The fact that we recruited participants to the trial who were largely prevalent cases and already on some form of treatment (aspirin or warfarin), lead to a heterogeneous group of participants and the subgroup differences in decisions made reflect this.
What is already known
- Choice of prevention of stroke with warfarin or aspirin is sensitive to patient preferences.
- Treatment decisions where patient preference is important can be supported by decision aids, but these need evaluation in appropriate studies.
- A systematic review of decision aids shows that they improve patients' knowledge, reduce decision conflict and engage patients more actively in decision‐making, but have little impact on patient satisfaction, and a variable impact on the actual decisions made.
- Some studies show reduction in uptake of procedures or treatments.
What this paper adds
- Participants using a decision aid in a shared decision‐making setting have lower decision conflict after its use than those where paper‐based guidelines are used in a traditional way.

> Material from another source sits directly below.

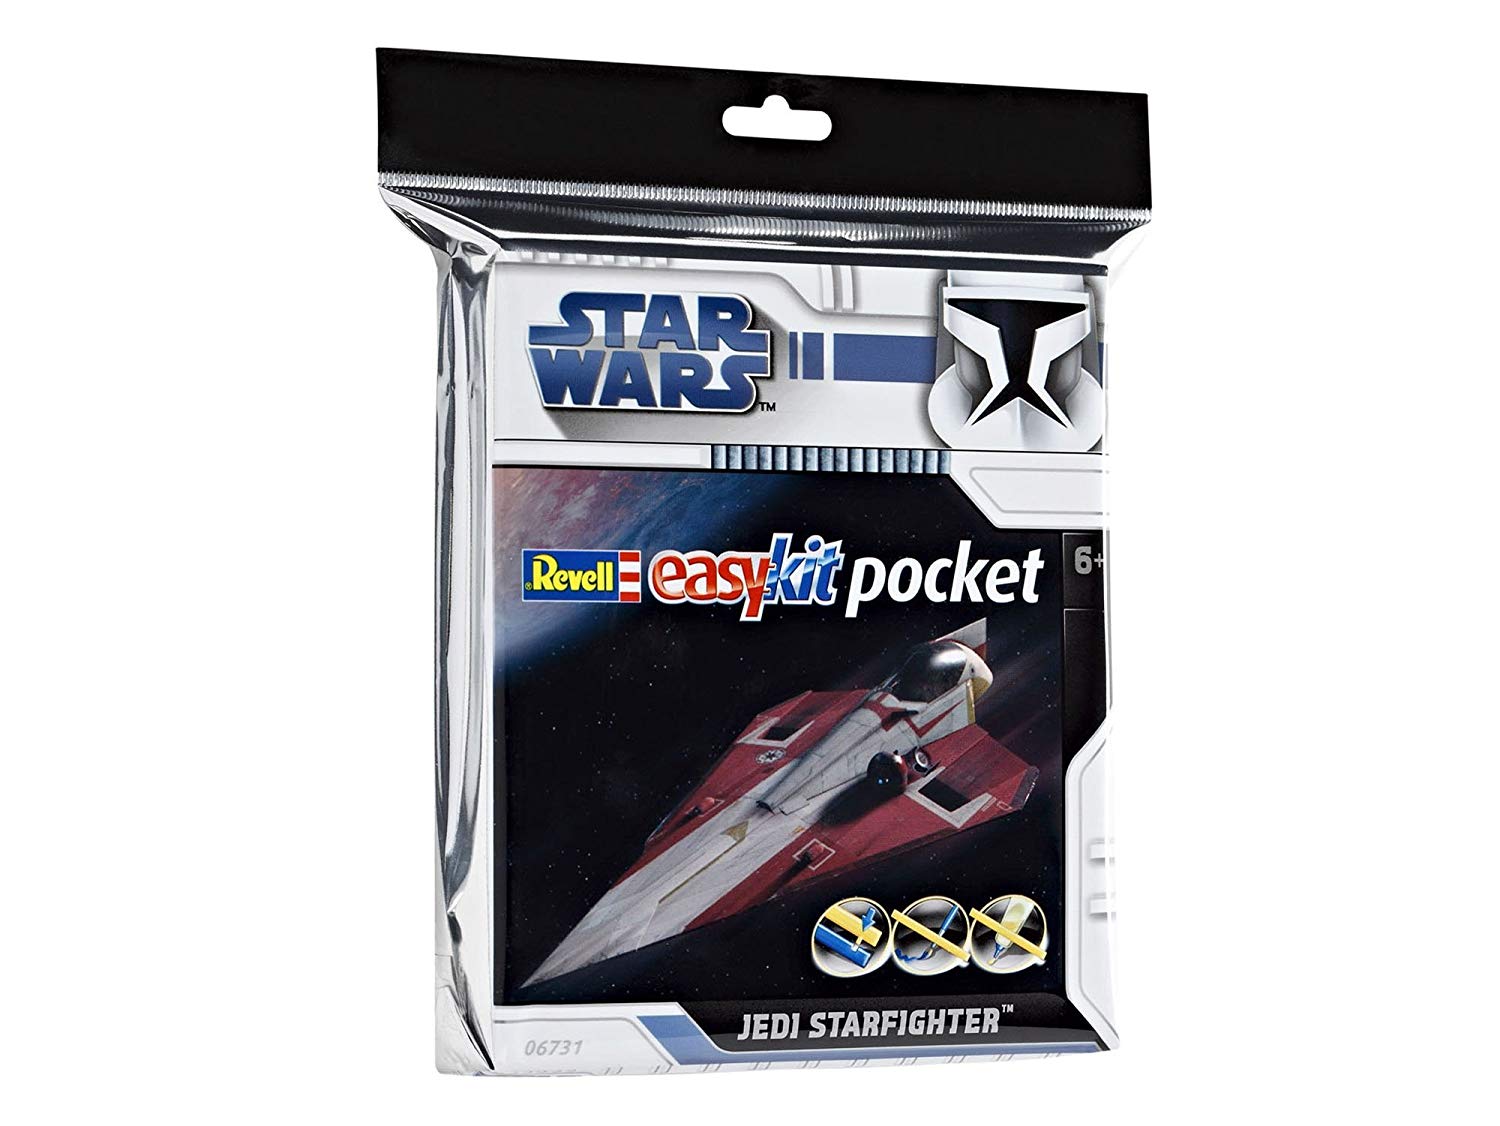 Revell Star Wars Pocket Jedi Starfighter Model Kit

- Those who are not already taking warfarin are much less likely to start this treatment when using the computerised decision aid than in the evidence‐based paper guidelines arm. This could have significant implications for treatment uptake and stroke prevention.
Each clinic was delivered by a single doctor, raising the question as to whether the findings reflect the different interventions, the different doctors delivering the interventions or some combination of the two. In some respects this is a false distinction; we were evaluating a package of decision support, and we attempted to minimise any doctor‐specific effect by training the doctors in the intervention and the desired mode of delivery. The two doctors delivering the clinics did communicate differently, but that was the intention. The decision aid arm of the trial was presented and delivered within a consultation that incorporated a process of shared decision‐making, while the doctor delivering the guidelines advice did so by directly advising the patient on what the guidelines recommended for that patient in a more paternalistic model. Indeed, the results of the survey of participants as to who made the decisions at the clinic suggest that this was effective and hence that the findings are likely to reflect the decision aid and its delivery, rather than the individual characteristics or style of the doctors. There were variations in doctors' behaviours, but these appeared to be related to specific doctor–patient interactions, rather than the arm of the trial. Video‐recording of the interactional dynamics of the consultations and detailed qualitative investigation of patients' perspectives were an important element of this study and have been described in detail elsewhere.28,29
In summary, our study suggests that a computerised decision aid that presents balanced benefits and harms of therapy in the setting of shared decision‐making can lead to reduced decision conflict with an enhanced understanding by patients and decisions consistent with their values. This reflects the findings of use of similar decision aids in other clinical settings. In addition we found a marked difference in the actual decisions made in participants who were not already on warfarin with an apparent reluctance to start warfarin when participants were well informed and able to apply their values to their decisions. This finding may have significant implications for the impact of shared decision‐making and the use of decision aids in patients who are making decisions about preventive therapies and is worthy of further exploration.